Le suicide d'un être cher.
Un
deuil par suicide prend plus de temps à guérir.
Rappelez-vous que vous ne pouviez pas choisir pour l'autre
et que le choix du suicide ne vous appartenait pas. Acceptez que,
même avec toutes vos intercessions, vos paroles n'ont pu influencer
l'être aimé dans sa décision.
Plusieurs questions surgiront ainsi que de
l'incompréhension. Vous ne comprendrez pas les raisons qui ont pu
motiver ce geste.
Sans doute y a-t-il aussi un sentiment de culpabilité qui vous
envahit. Vous regrettez certaines paroles ou certains gestes.
Éprouver de la culpabilité est un processus normal dans le deuil qui
vous accable.
Lors d'un tel drame, vous ressentirez de la colère envers la
personne suicidée qui vous a abandonnée, envers Dieu qui n'a rien
fait pour éviter cela et envers tous ceux qui ont contribué de près
ou de loin à l'accomplissement de ce geste désespéré.

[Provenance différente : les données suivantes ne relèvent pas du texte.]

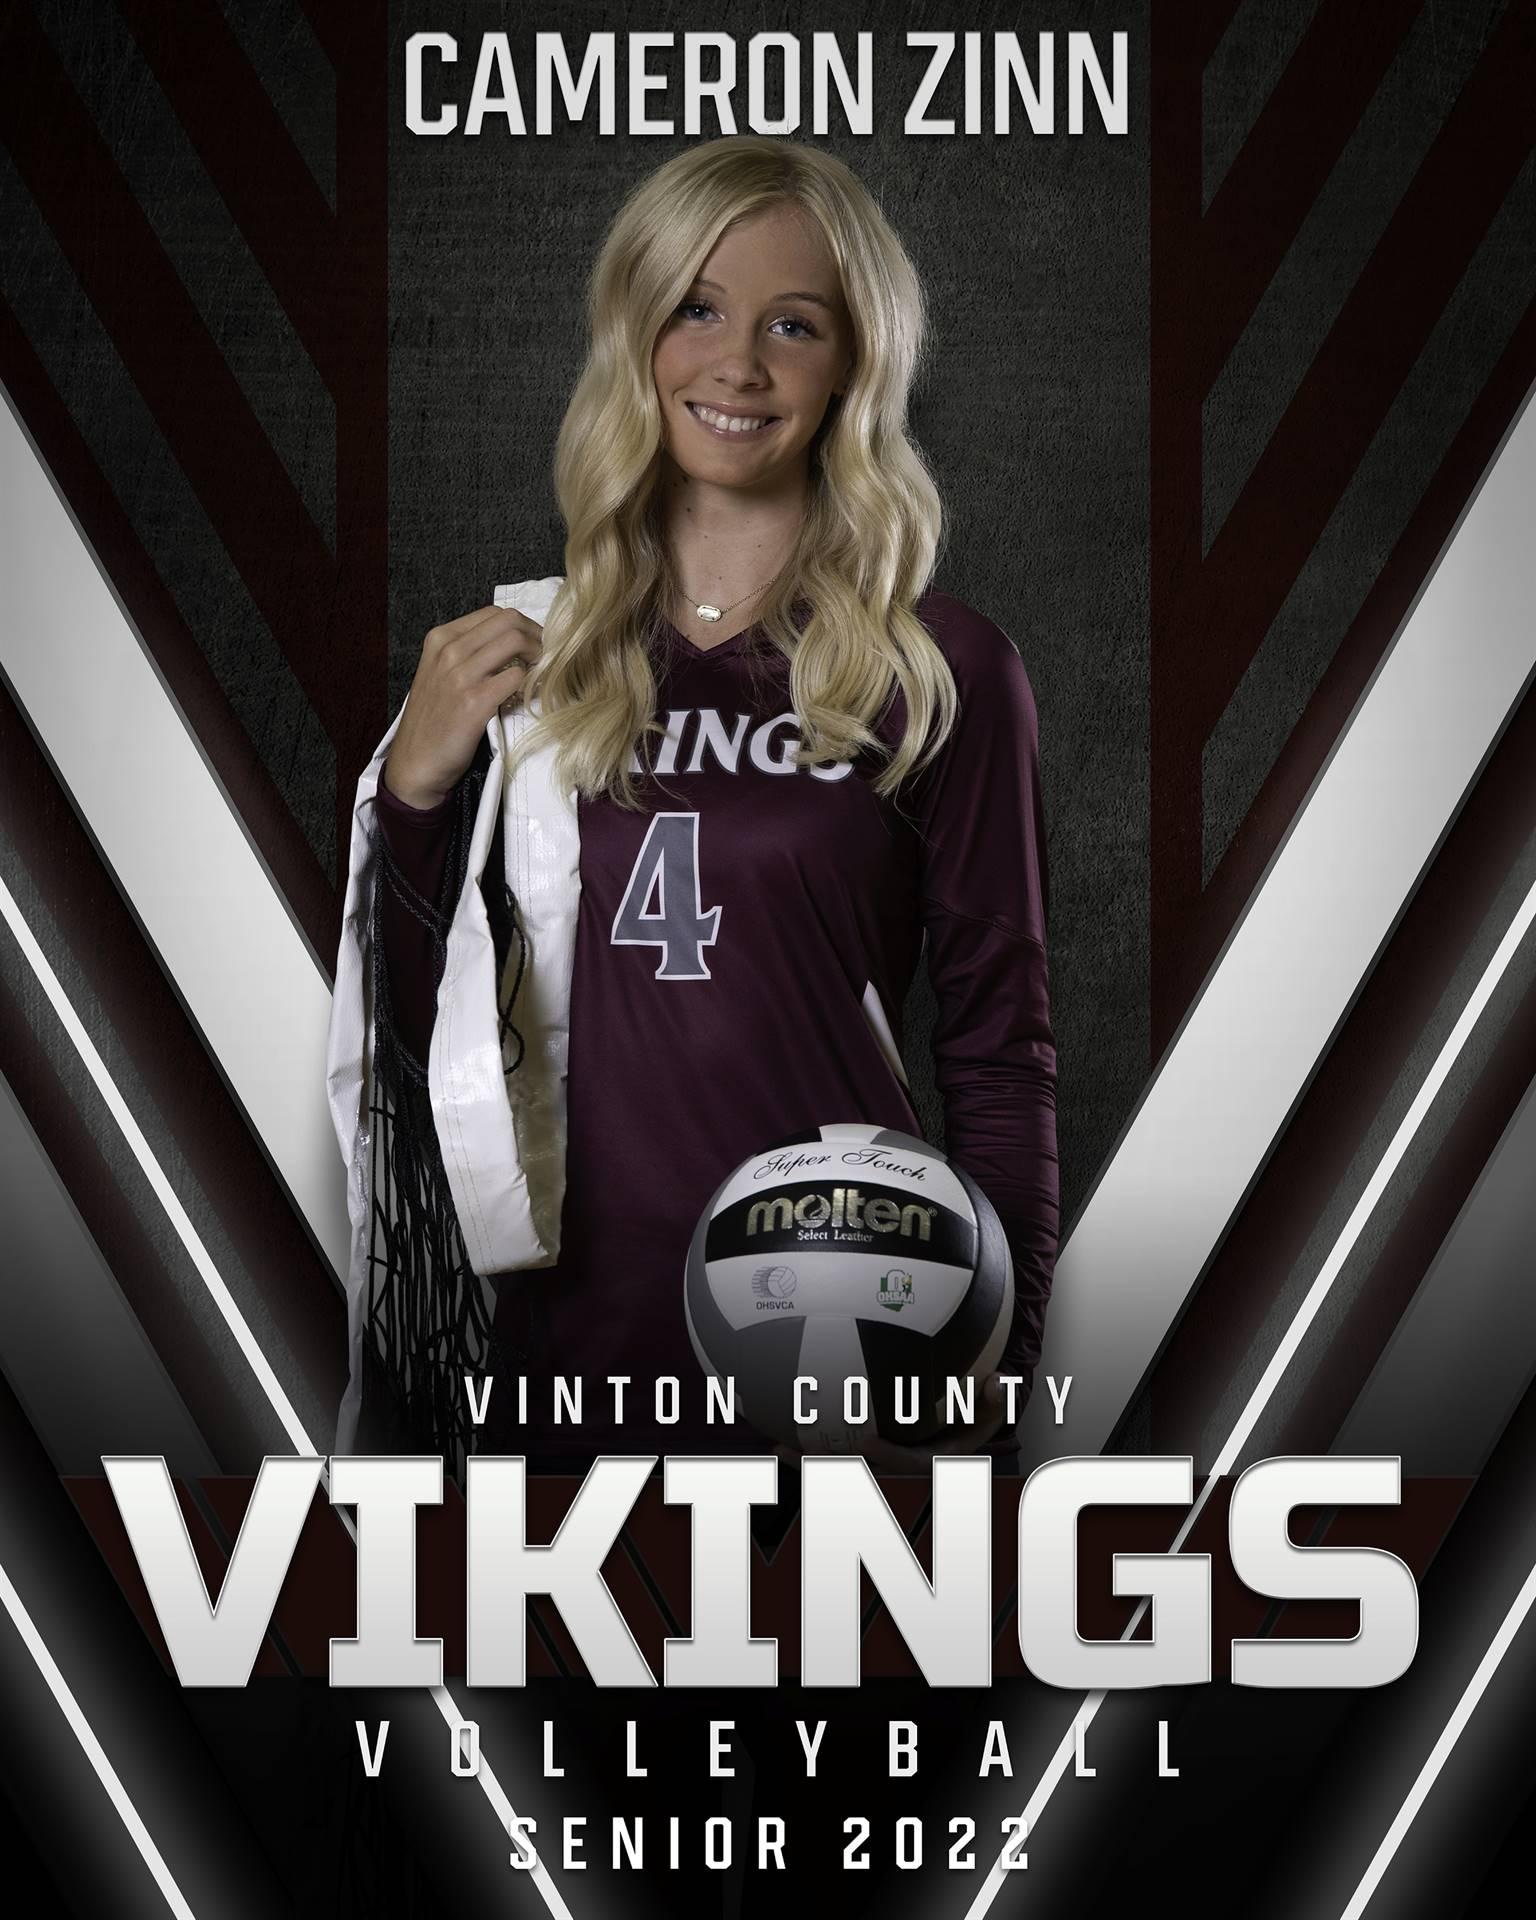 Cameron Zinn - Volleyball

La colère est
un sentiment passager, elle passera.
Etre présent en silence, sans chercher à consoler ni conseiller.
Il n'y a pas lieu de questionner, encore moins de juger.
Des personnes peuvent se sentir coupables, honteuses de ne pas avoir
été là, au moment où celui qui est parti en avait, peut-être, le
plus besoin.
Que dire ?
Souvent les parents proches sont plutôt tentés de se réfugier dans
le silence afin de ne pas exprimer l'inexprimable. Leur peine est
suffisamment lourde et leur chagrin pourra se révéler, pour
certains, insurmontable.
Dans ces moments là, les proches ont besoin de notre aptitude à
appréhender tout problème, à anticiper toute difficulté.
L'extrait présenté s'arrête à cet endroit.